• WORK INSTRUCTIONS: Below are entries; repeat exactly, and nothing else, the lines from the one holding "http://www.bartvandenakker.nl/amiga/AmigaOS4empty.png" through the one holding "Dermoclinic Esthetic", inclusive. Leave the pictures out.

• WORKING DATA:
########################################

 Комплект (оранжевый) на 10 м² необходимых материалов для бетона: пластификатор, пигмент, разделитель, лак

########################################

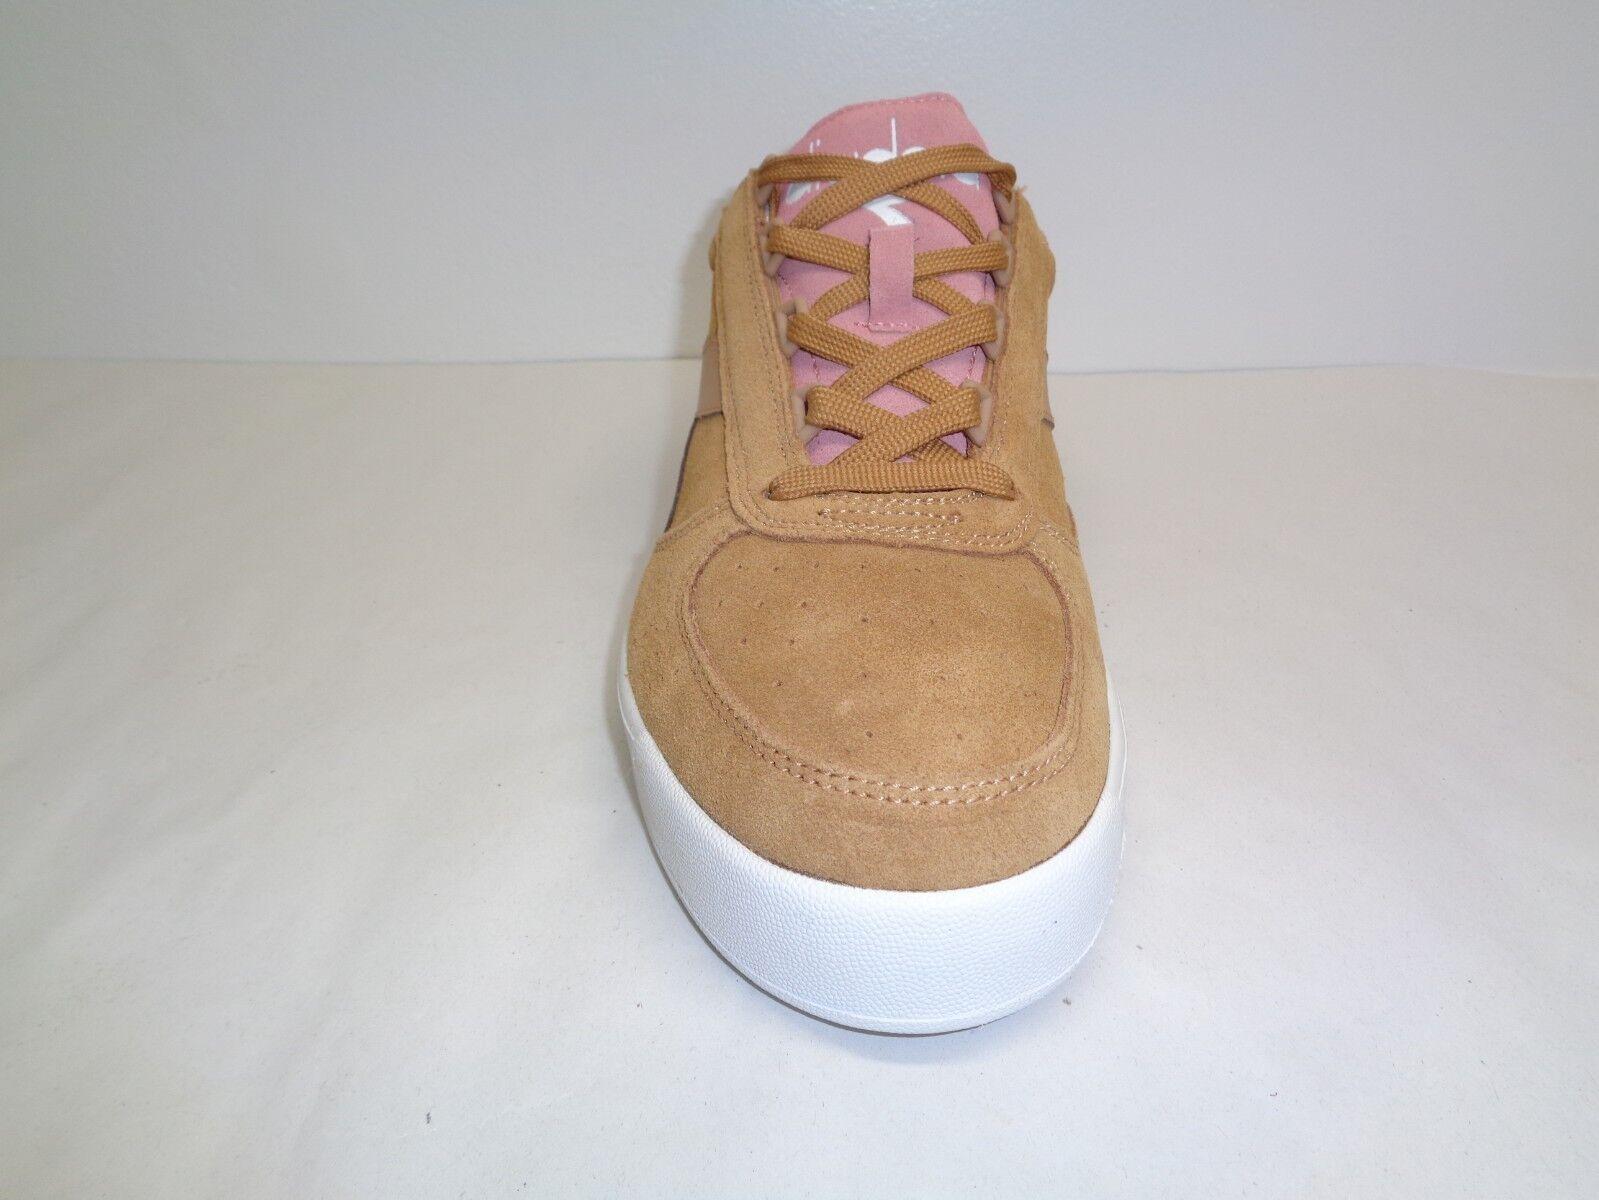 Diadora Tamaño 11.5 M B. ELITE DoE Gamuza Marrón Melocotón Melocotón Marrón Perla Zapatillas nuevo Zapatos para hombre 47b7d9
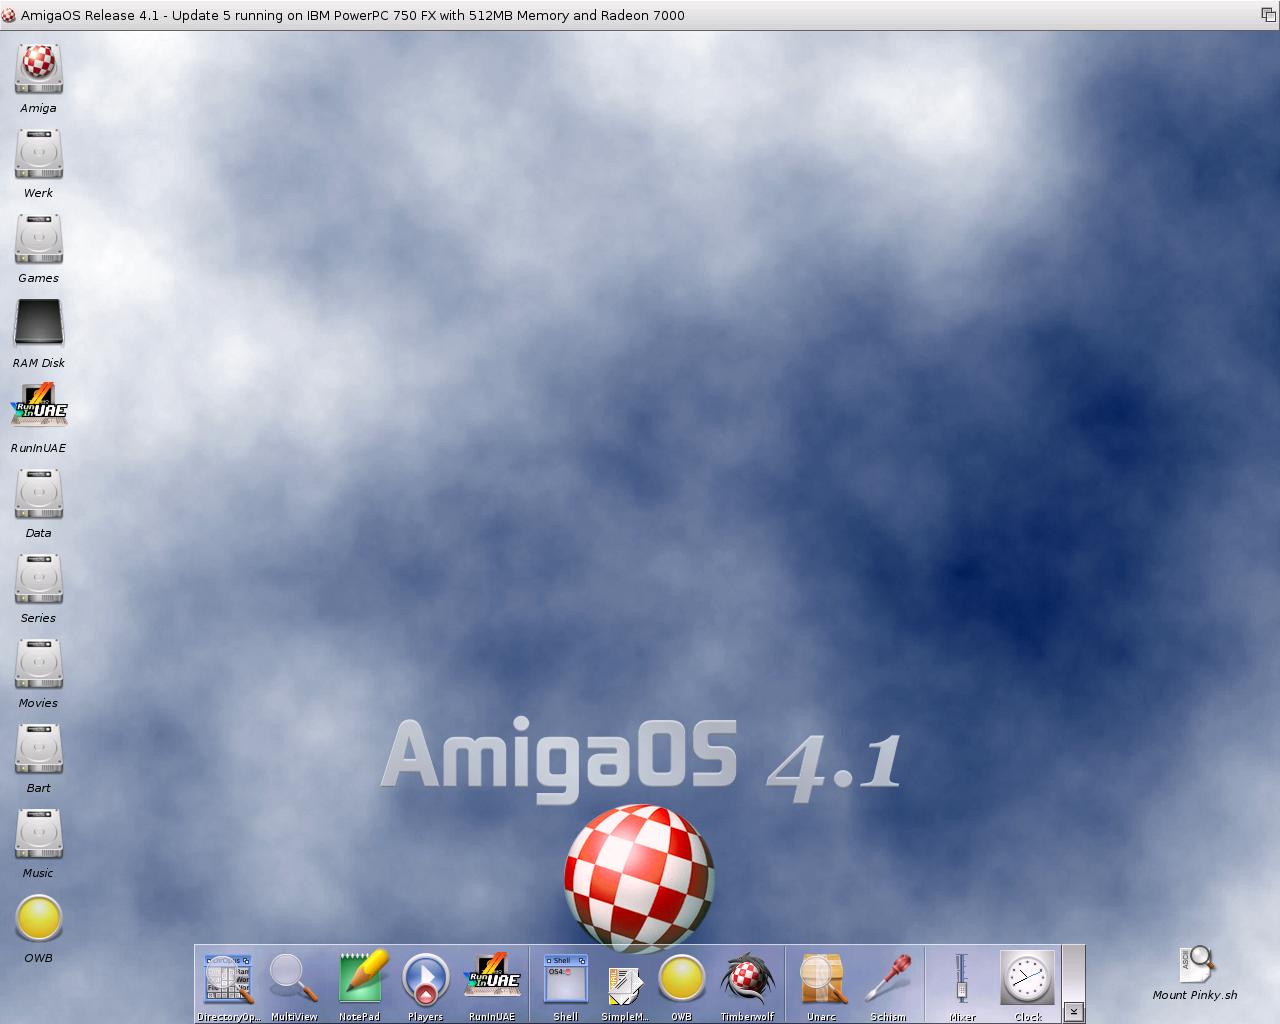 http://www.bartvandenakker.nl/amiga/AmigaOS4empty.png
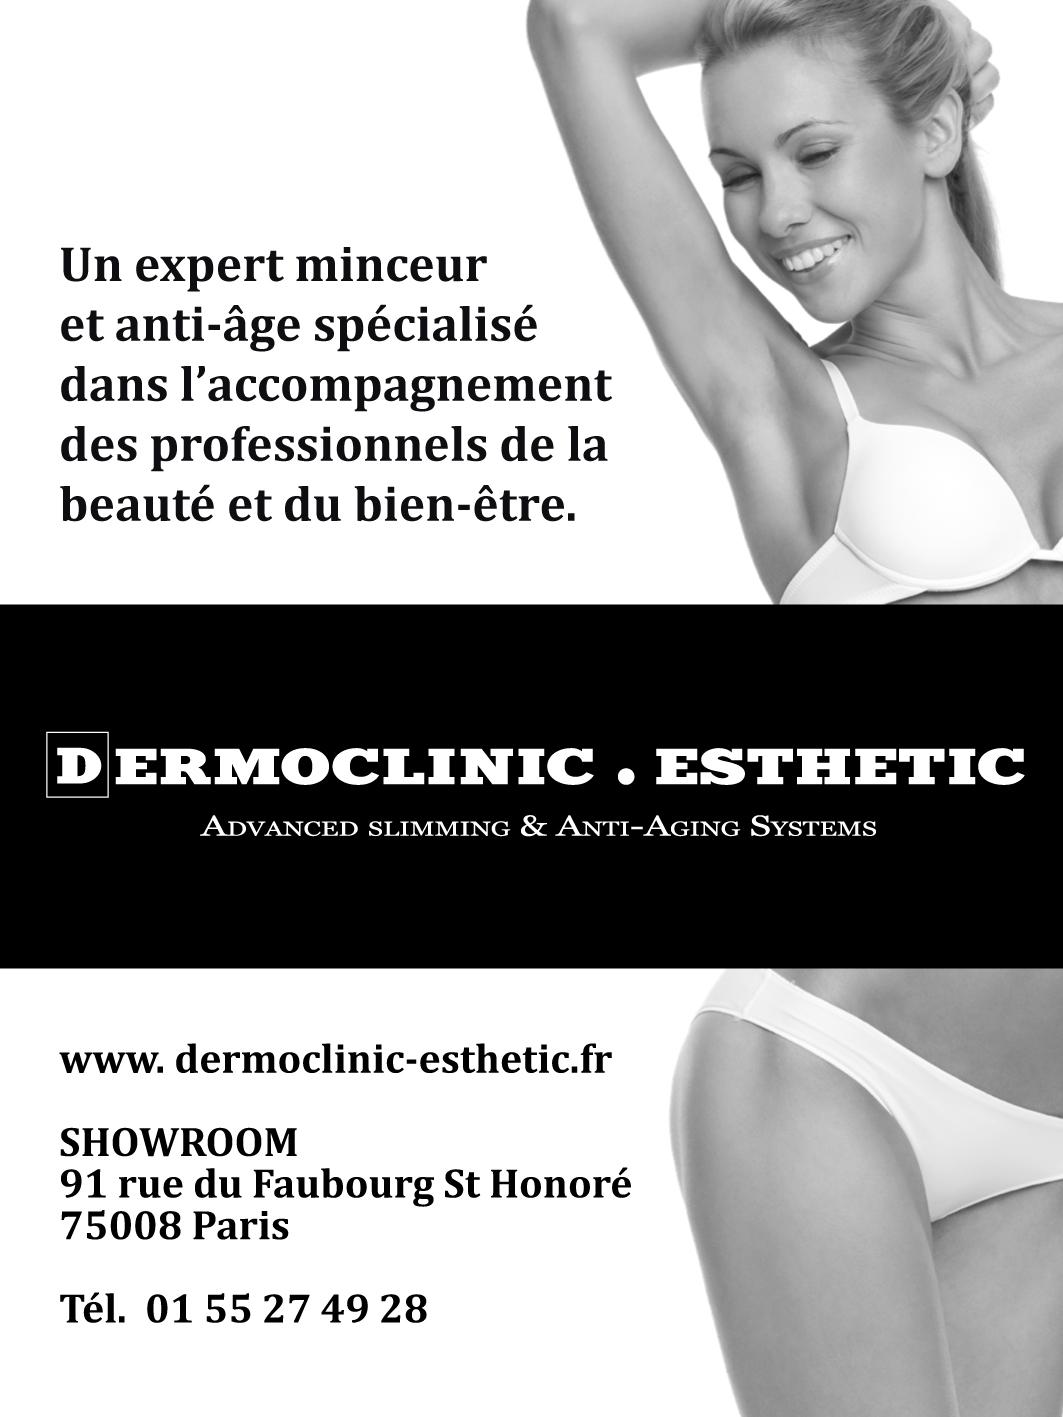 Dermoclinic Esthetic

########################################

• WRITTEN ANSWER:
 http://www.bartvandenakker.nl/amiga/AmigaOS4empty.png
 Dermoclinic Esthetic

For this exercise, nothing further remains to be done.